Yes, agreed we don't want to do this by hand. Perhaps we can derive the information from the demography debugger though?
Yes, agreed we don't want to do this by hand. Perhaps we can derive the information from the demography debugger though?
Yes, I think so, as long as we also start with the sampling information (which populations have lineages to start with, or at what times we draw lineages from a population if it's an ancient sample).
Edit: Maybe I'm a bit confused though - is the translation to slim actually based on parsing the text output of the debugger output, instead of the reading through list of demographic events, pop configs, and migration matrix?
Edit: Maybe I'm a bit confused though - is the translation to slim actually based on parsing the text output of the debugger output, instead of the reading through list of demographic events, pop configs, and migration matrix?
No, we never want to parse that output! We can access the information through attributes though, it's all in there before it gets printed out.
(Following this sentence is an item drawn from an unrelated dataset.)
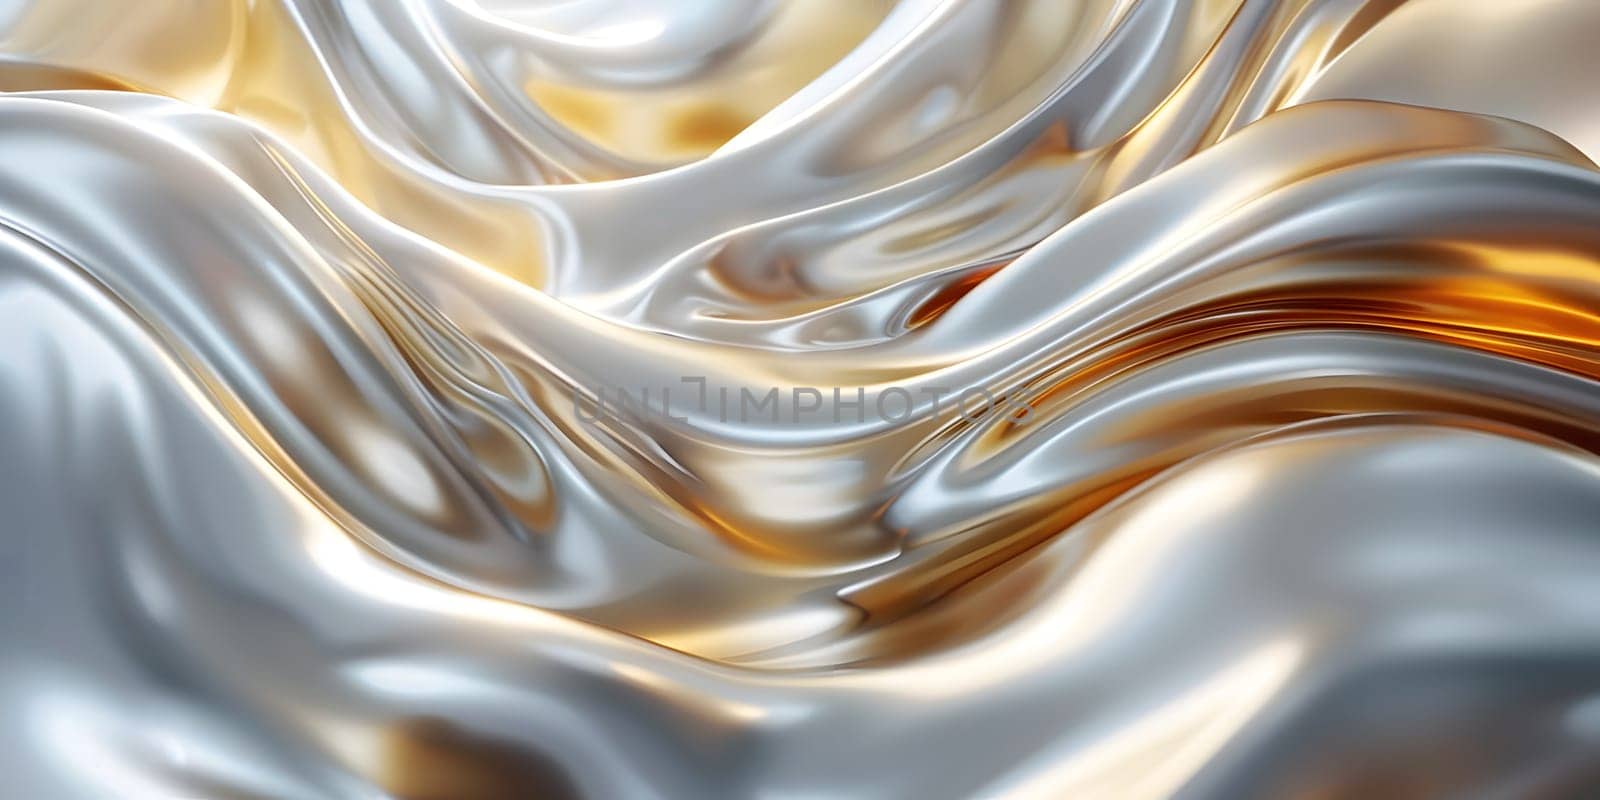 Macro photography of liquid gold satin fabric with intricate white pattern by Nadtochiy
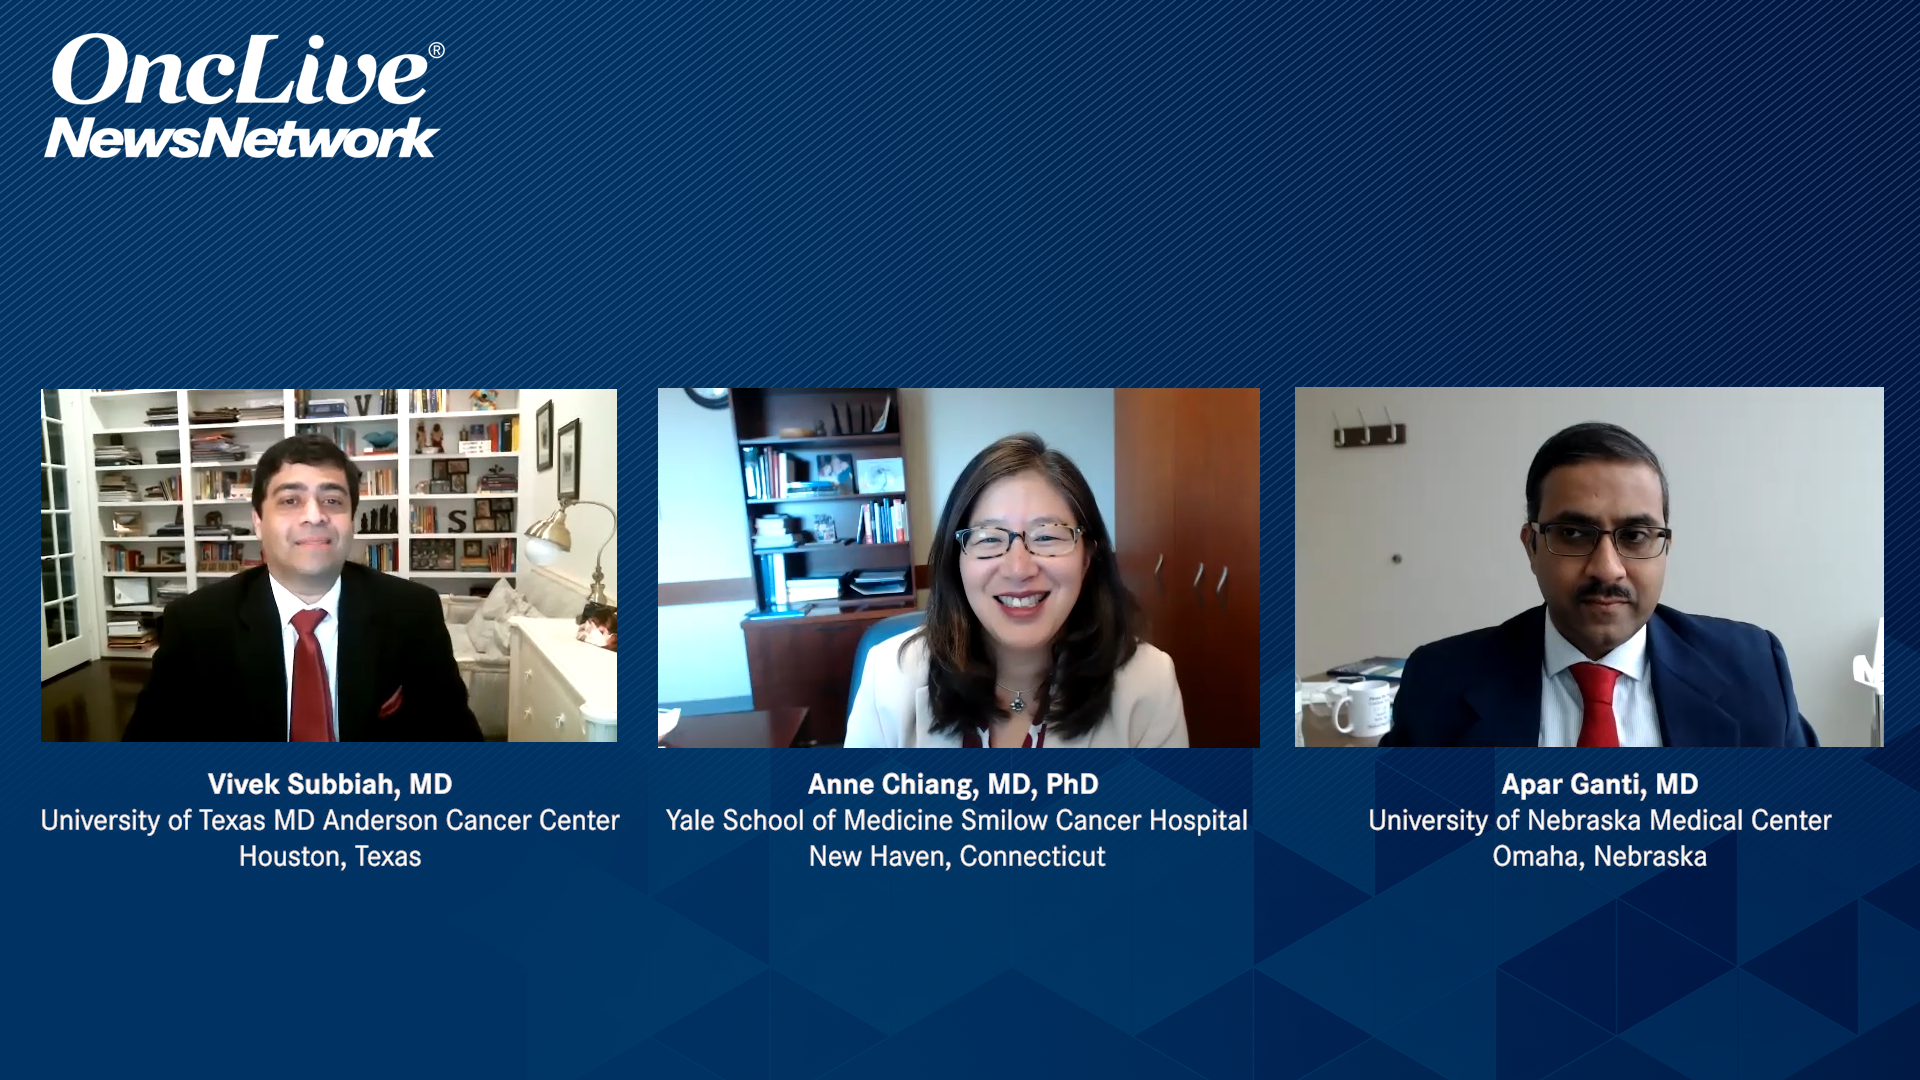 Recent Advances in Small-Cell Lung Cancer

i think this function gets us most of the way there, no? https://github.com/tskit-dev/msprime/blob/8a39c401d1c817f4950b7fc486da8238b9fa76ec/msprime/simulations.py#L1547
I was thinking more of a function that says whether or not a lineage could be found in a given population at a given time. That function doesn't take into account MassMigration events that move lineages around, right? Is there a function in msprime that does this already? I didn't see one scrolling through the DemographyDebugger
class.
No, I don't think there is. Shouldn't be terribly hard to do though, right?
This shouldn't be hard to do at all, no. I can put something together soon that does that taking advantage of methods within the DemographyDebugger
class.
Great @apragsdale! Do you think #258 could be dealt with similarly?
Thanks @apragsdale, this sounds great. Perhaps it would make sense to make it a method of DemographyDebugger?
Yes, I think that makes sense to make it a method of the DemographyDebugger. Then I suppose I should open a PR on the msprime repo for that? Sorry in advance things will be a bit slower for me this week - traveling and visiting some family and friends.
Yes, I think it makes sense to do it on the msprime side. There's no hurry with this, it's a more long-term feature --- things will work without it. Enjoy your trip @apragsdale!
Was an issue opened for this on the msprime repo? I don't see anything obvious there.
I'd like to close this issue if the fix is going to happen in an external repository.
No, I don't think we did. @apragsdale, would you mind following this up and creating an issue on msprime please?
Yes, really sorry, I had forgotten about this whole thing... I think I wrote up some function in the DemoraphyDebugger to return whether lineages can be found in each deme during epochs defined by times of events from the list of demographic_events
. I'll try to find that code and open a PR in the msprime repo now.
Ok, took a stab at this.. This feature of the DemographyDebugger is in this PR (https://github.com/tskit-dev/msprime/pull/969#issue-407583630).
Let me know what you think, or if it needs something different (or if there are mistakes).
Consider a GenericIM() model. The ancestral population with size NA should not exist in the SLiM simulation after time T. It currently does (without affecting N1 or N2), and this adds needless computational burden.
Another case is when no samples are requested from a population (or requested only at a specific time point), and there are no migrants from this population.